Il ne se fâcha point et me répondit avec douceur :

– Vous vous trompez. Je n’ai pas cessé de me bien conduire depuis que je suis sorti du bagne.

– Ah ! fis-je en respirant.

– Le mot travailler est, dans ma bouche, pris dans son vrai sens.

– Mais…

– Tenez, à cette heure, je suis en train de dénouer un de ces drames dont vous ferez quelque jour deux cents feuilletons.

– Vraiment ?

Il se leva, alla ouvrir la porte que la vieille avait fermée et me dit :

– Venez voir.

Je le suivis sur le seuil.

– Voyez-vous cette maison en construction, là, de l’autre côté de la route, me dit-il.

– Oui.

– Elle vous paraît habitée… Eh bien ! la nuit dernière dans les caves de cette maison, il s’est joué une comédie terrible.

– Comment cela ?

– Un homme allait mourir du plus épouvantable des supplices.

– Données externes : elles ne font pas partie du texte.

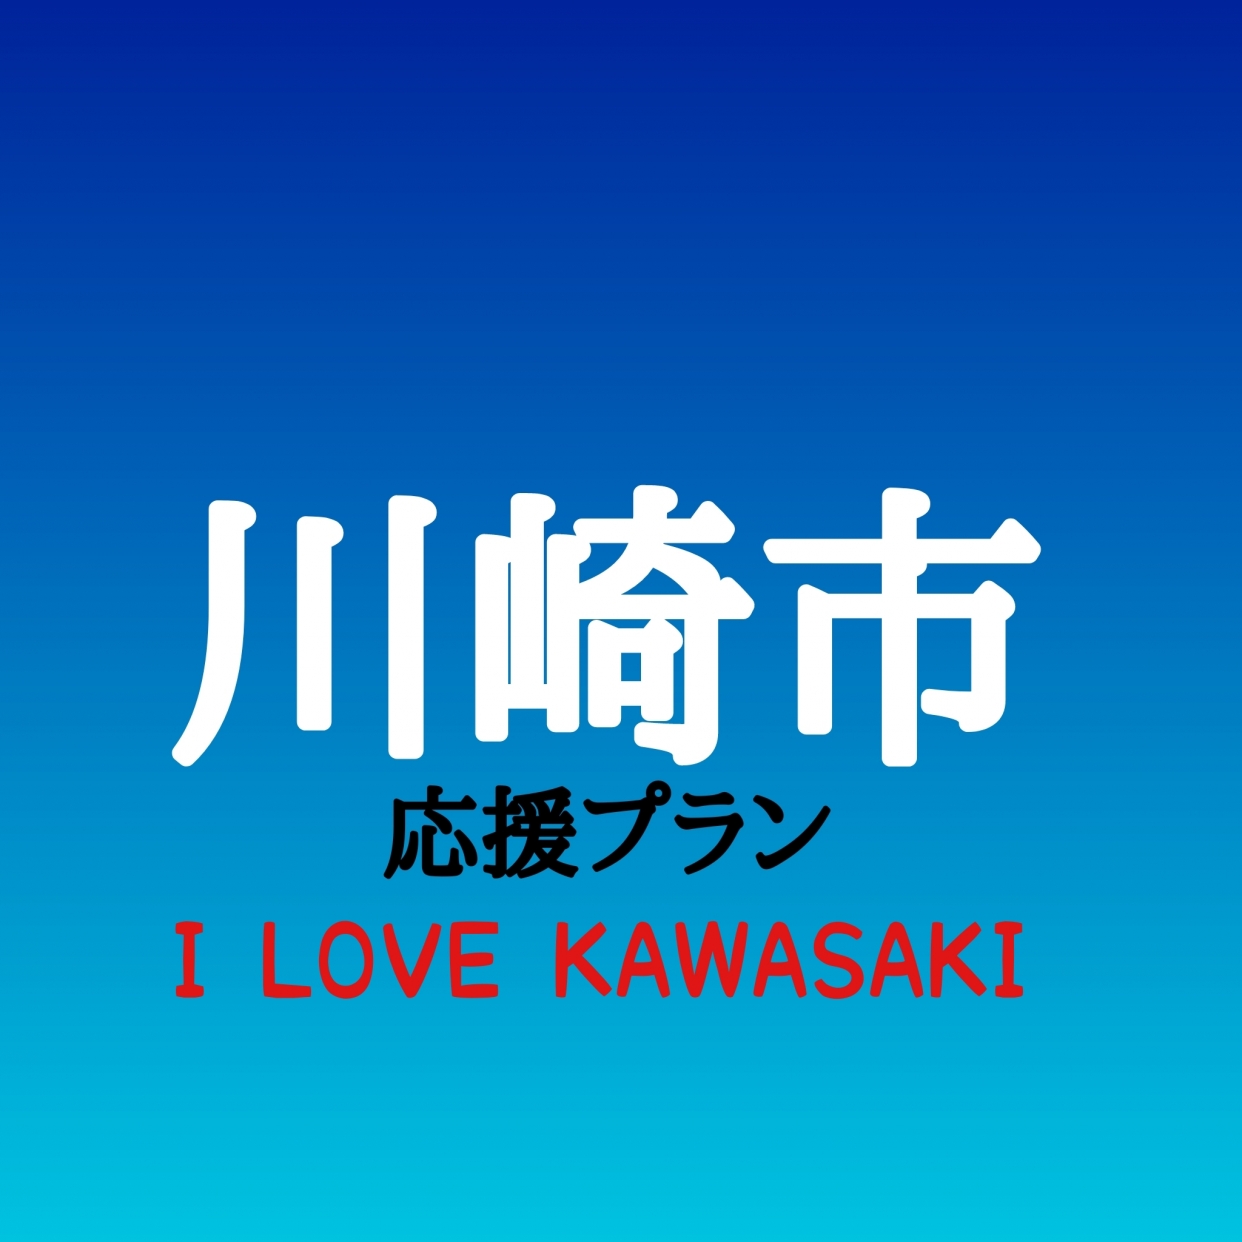 【I LOVE KAWASAKI】川崎市応援プラン 22:00-12:00

Je le regardai, me demandant s’il ne se moquait pas un peu de moi.

– Un supplice chinois, poursuivit-il, la privation du sommeil…

– Et… cet homme…

– Je l’ai sauvé.

À cette révélation, j’éprouvai le besoin de me tâter pour me convaincre que je ne devenais pas et que je n’étais pas la victime d’un cauchemar.

Un bruit de roues se faisait maintenant entendre dans le lointain, et deux lanternes brillaient à l’extrémité de l’avenue.

– Ah ! dis-je, je crois que voilà ma voiture.

– Votre voiture ?

– Oui. Elle est retournée à la Porte-Jaune.

– Vous vous trompez, me dit Rocambole, ce n’est pas votre voiture.

– Qu’en savez-vous !

– C’est la mienne.

Les lanternes étaient assez près maintenant, pour que je pusse distinguer la forme de la voiture.

C’était un petit omnibus, comme on en voit aux gares des chemins de fer.

Et, comme elle s’arrêtait à la porte du cabaret, Rocambole cria :

– Milon, est-ce toi ?

– Oui, Maître, répondit une voix.

Et je pus voir sur le siége le colosse qui tenait les rênes en mains.